The Marines were soon withdrawn, in a humiliating way and over the protests of Israel, which thought it had assurances that these troops would remain in Lebanon.
This episode was reminiscent of the U.S. ouster from Vietnam only nine years earlier and underlined a painful lesson: It is much easier to send troops into a dangerous situation than it is to get them out.
Sharon is also the person most responsible for triggering the current fighting in the West Bank and Gaza. Last September he dramatically led a group of security forces to the Muslim holy place, Temple Mount in Jerusalem, in defiance of Barak's efforts to make peace with the Palestine Liberation Authority (PLA). Palestinian outrage was great and resulted in the current intifada violence.
If Sharon becomes prime minister next month, President Bush will face a dangerous challenge in the Middle East. Fortunately, his National Security Council--Dick Cheney, Colin Powell, Donald Rumsfeld, and Condoleezza Rice--is an experienced team in dealing with international crises. Powell, a decorated Vietnam War veteran and chairman of the Joint Chiefs of Staff during the Gulf War, is known for caution in using U.S. troops abroad. Cheney and Rumsfeld are experienced in dealing with national security issues, and Rice was a key member of former president Bush's NSC staff.
George W. Bush will be cautious about agreeing to send U.S. troops to the Near East to keep peace, unless there is willingness by both Israel and the PLA to accept a settlement that includes a division of Jerusalem, assignment of the West Bank and Gaza to a Palestinian state, and provision for a limited number refugees to return to their homes in Israel.
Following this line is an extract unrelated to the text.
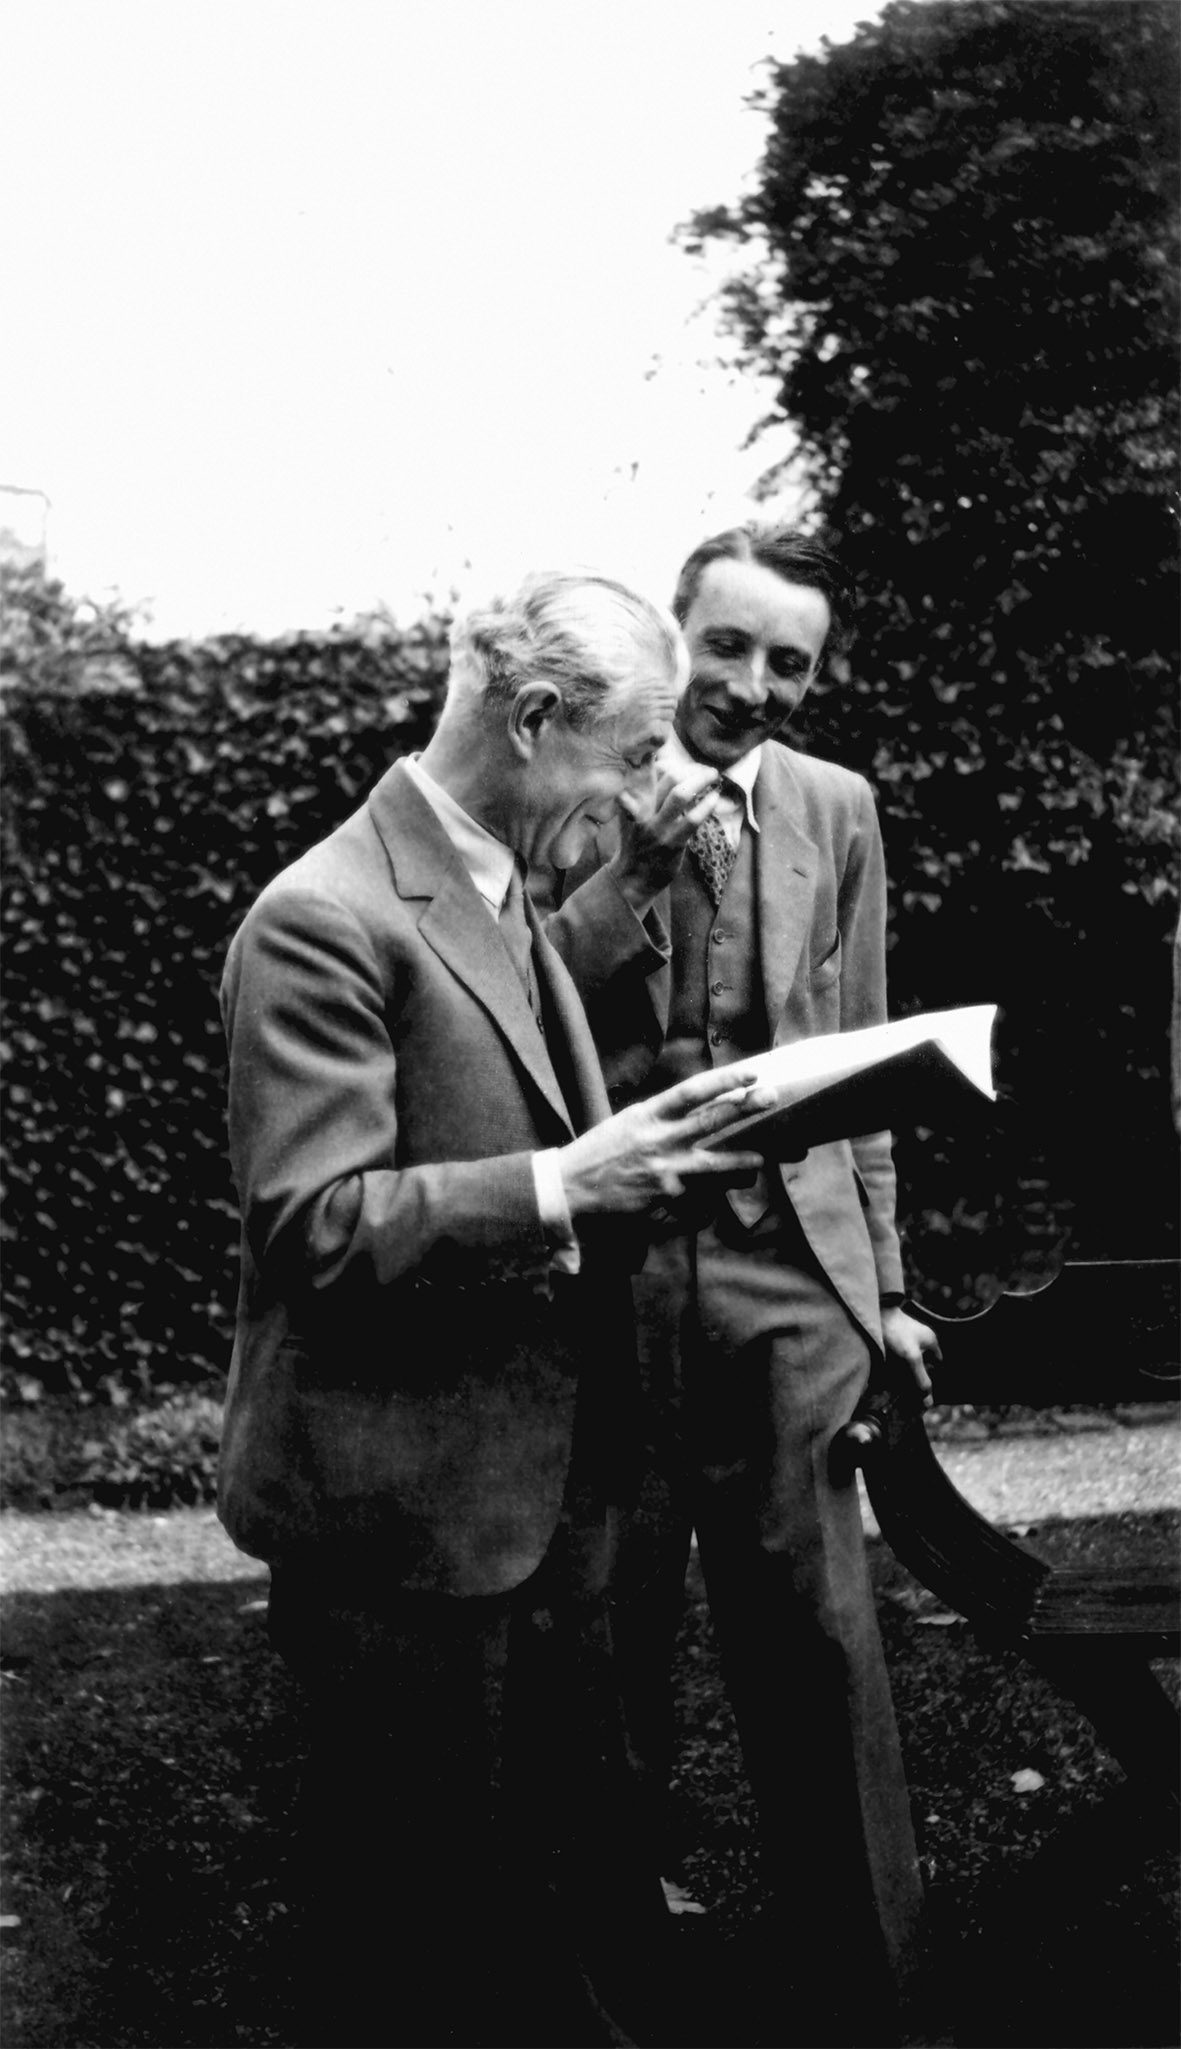 Lennox Berkeley in London in c. 1925 with Maurice Ravel, who first introduced him to Nadia Boulanger.
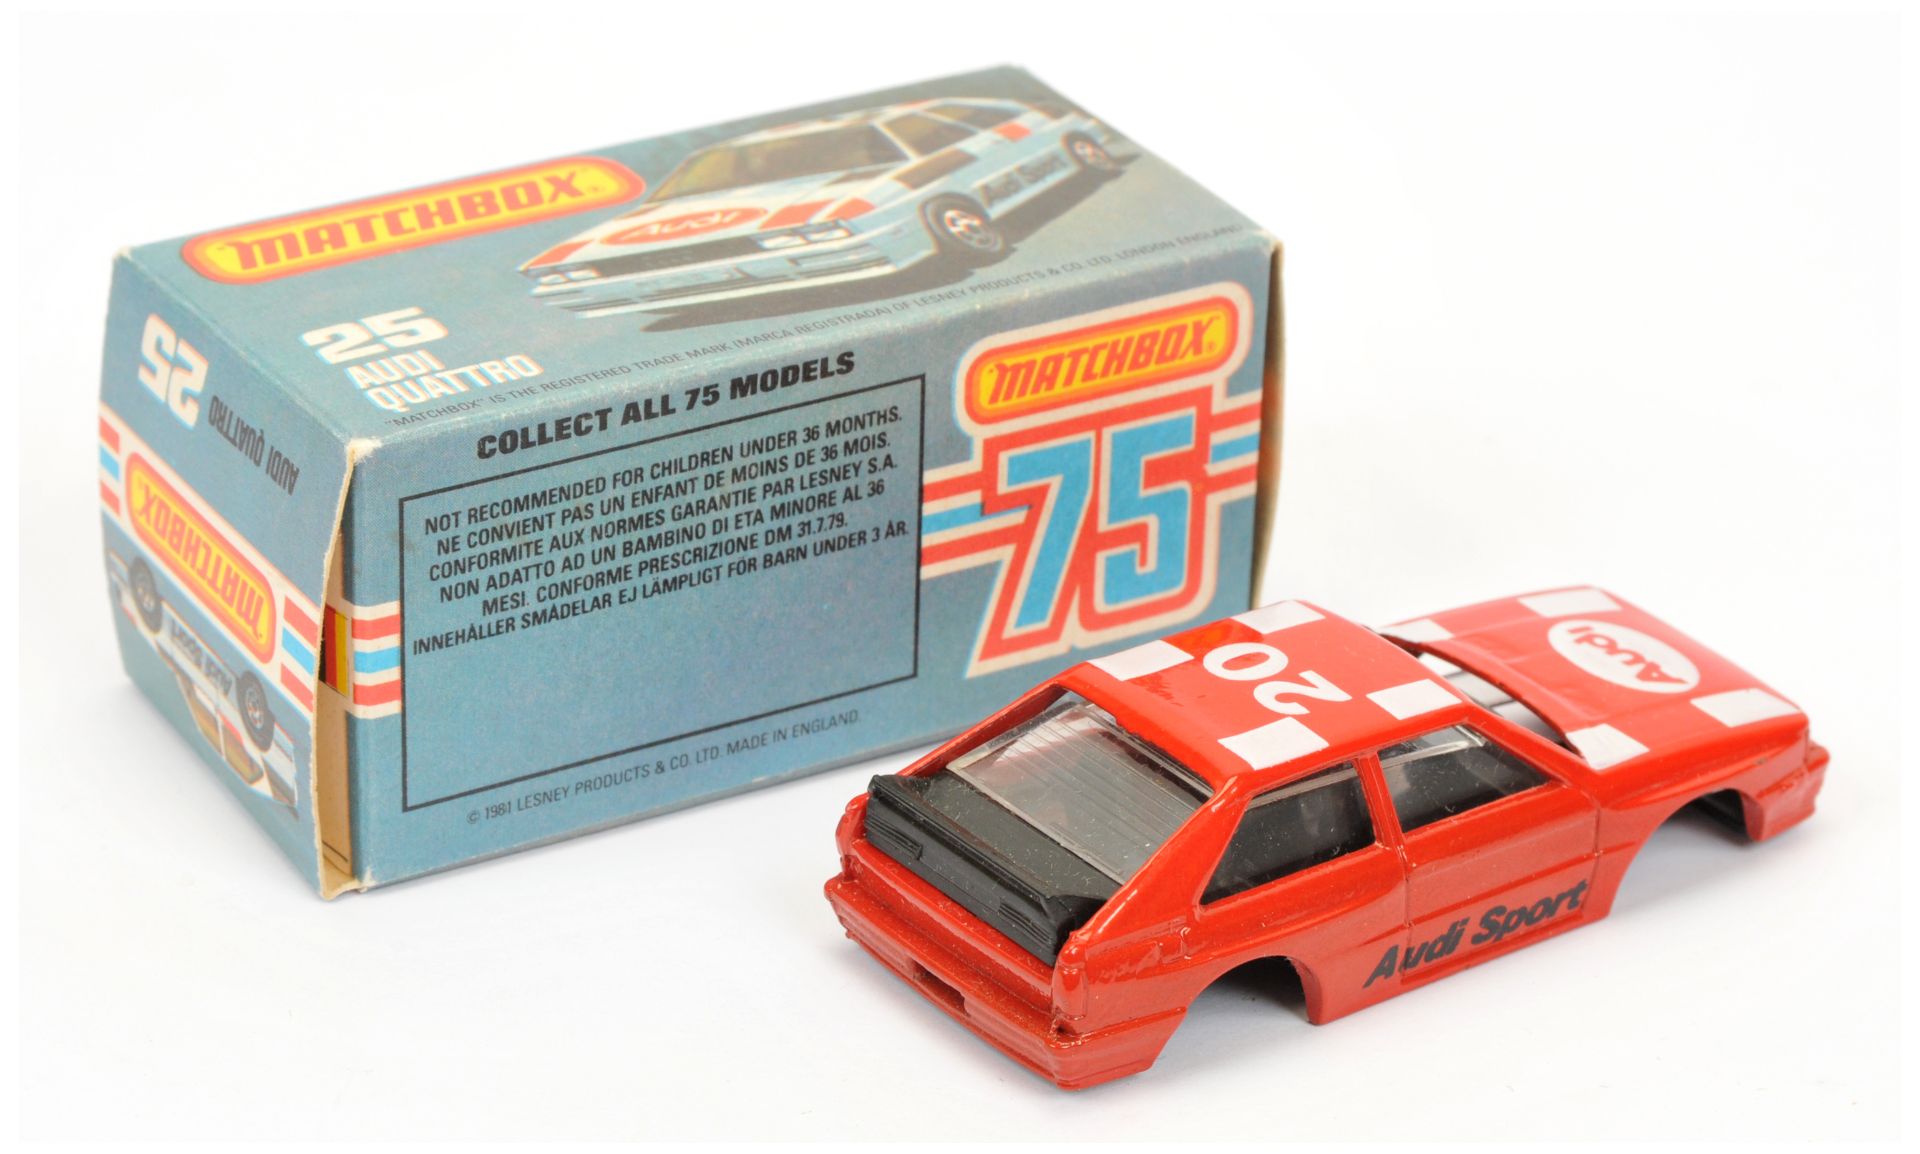 Matchbox Superfast 25d Audi Quattro - Made in Brazil Model - red body with white racing number 20... - Bild 2 aus 3

If the United States is seen as supporting Israel instead of being the honest broker in this situation, there is little doubt that Arab governments will display their displeasure with Washington.
This is not the preferred way for any new administration to get started.
But the world does not stand still while America sorts out its transition of power to a new president. How President Bush handles this looming Middle East crisis will tell us a great deal about the kind of foreign policy posture that he will establish for the next four years.